The man dropped the flashlight and howled in pain—“Fuck!”—as Riza threw her can of mace at him and lunged toward the door. She jerked the door open and fled into the hallway.

“Freeze, goddammit! Police. I will shoot.”

She’d almost reached the stairs when his words registered. Hands on the heavy door, she froze, and slowly lifted them above her.

 

 

5

 

 

Riza sat in the interrogation room for more than an hour, her head lolling on her hands. She’d be worthless at work the following day.

The door opened and a man strode in, jerked out a metal chair and sat down. His face was red and puffy, his eyes swollen, the surrounding skin shining like an overripe tomato. He glared at her, lacing his fingers on the table.

“Rizza Marsh?”

“Reeza.”

“Reeza—got it. I’m Detective Howe. You might remember me as the guy you maced an hour ago. Care to tell me what you were doing in Apartment 503 at the Pinewood Village Apartments?” He flipped open a notebook and wrote her name with such force he tore a hole in the page and had to rip it out and start over.

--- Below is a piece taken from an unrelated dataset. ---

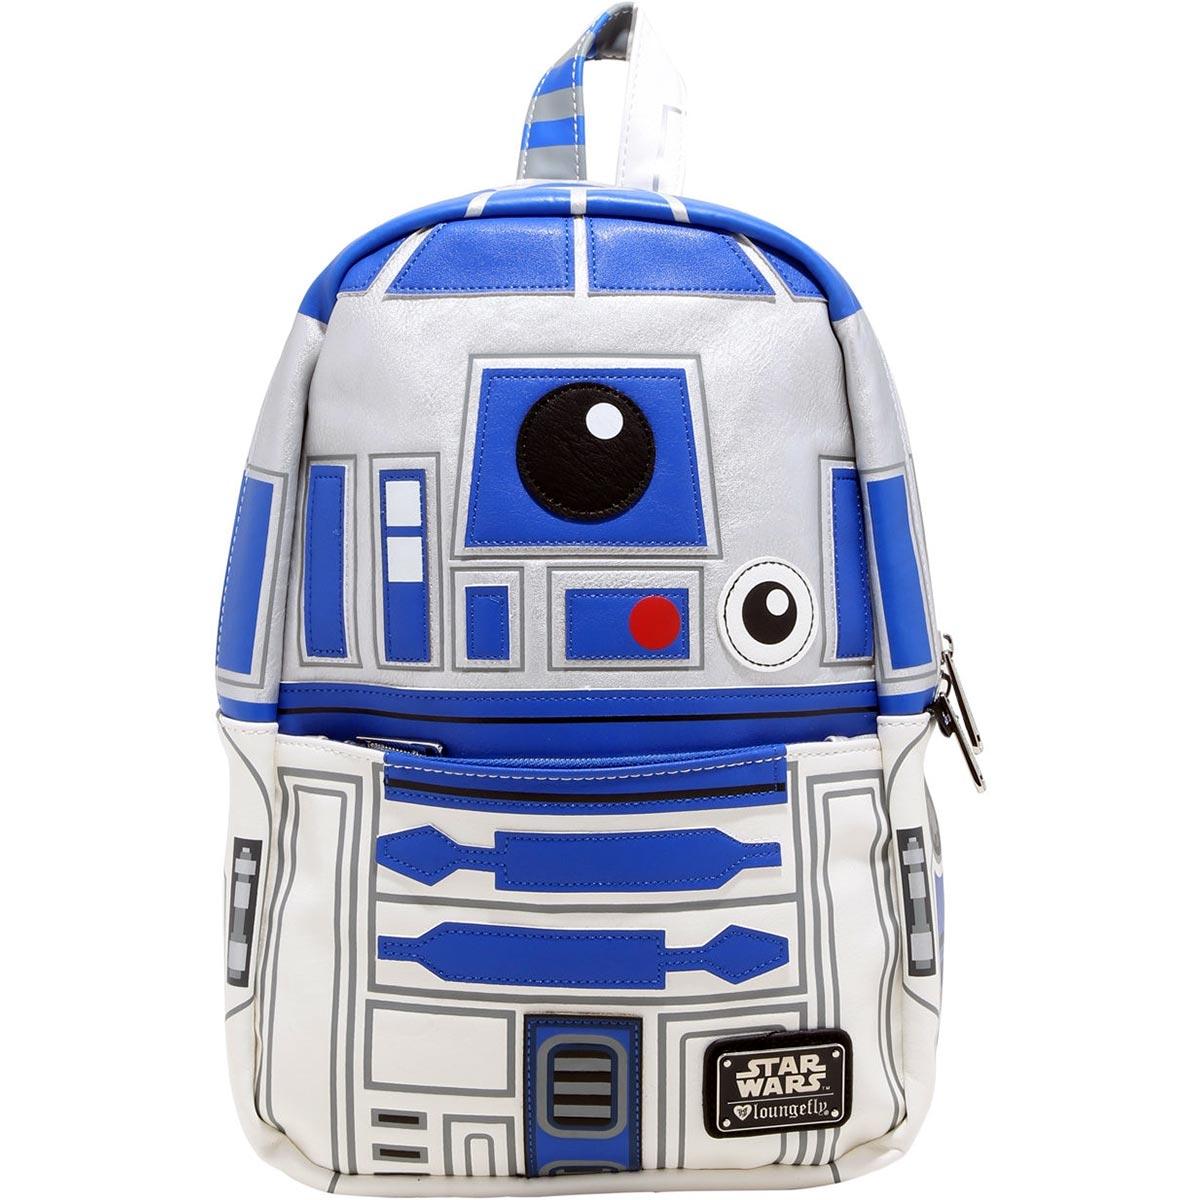 e7d753267962 Star Wars R2-D2 Mini Droid Backpack

Riza’s mind raced, struggling to remember the story she’d concocted during her time in the police station. It had all seemed simple before the angry man with the red-rimmed eyes stormed in to question her.

“I live on the second floor in the building, apartment 208,” she started. “I thought I heard something and went to investigate.” The story was flimsy. Out loud, it sounded even more unbelievable than it had in her head.

“Three floors above you? You must have superhuman hearing.”

“Not three floors above me. I just… I heard someone outside. I thought maybe someone jimmied their way into the building. I walked each floor and then ended up on the fifth.”

“And decided to credit-card your way into an apartment that just happened to be a crime scene?”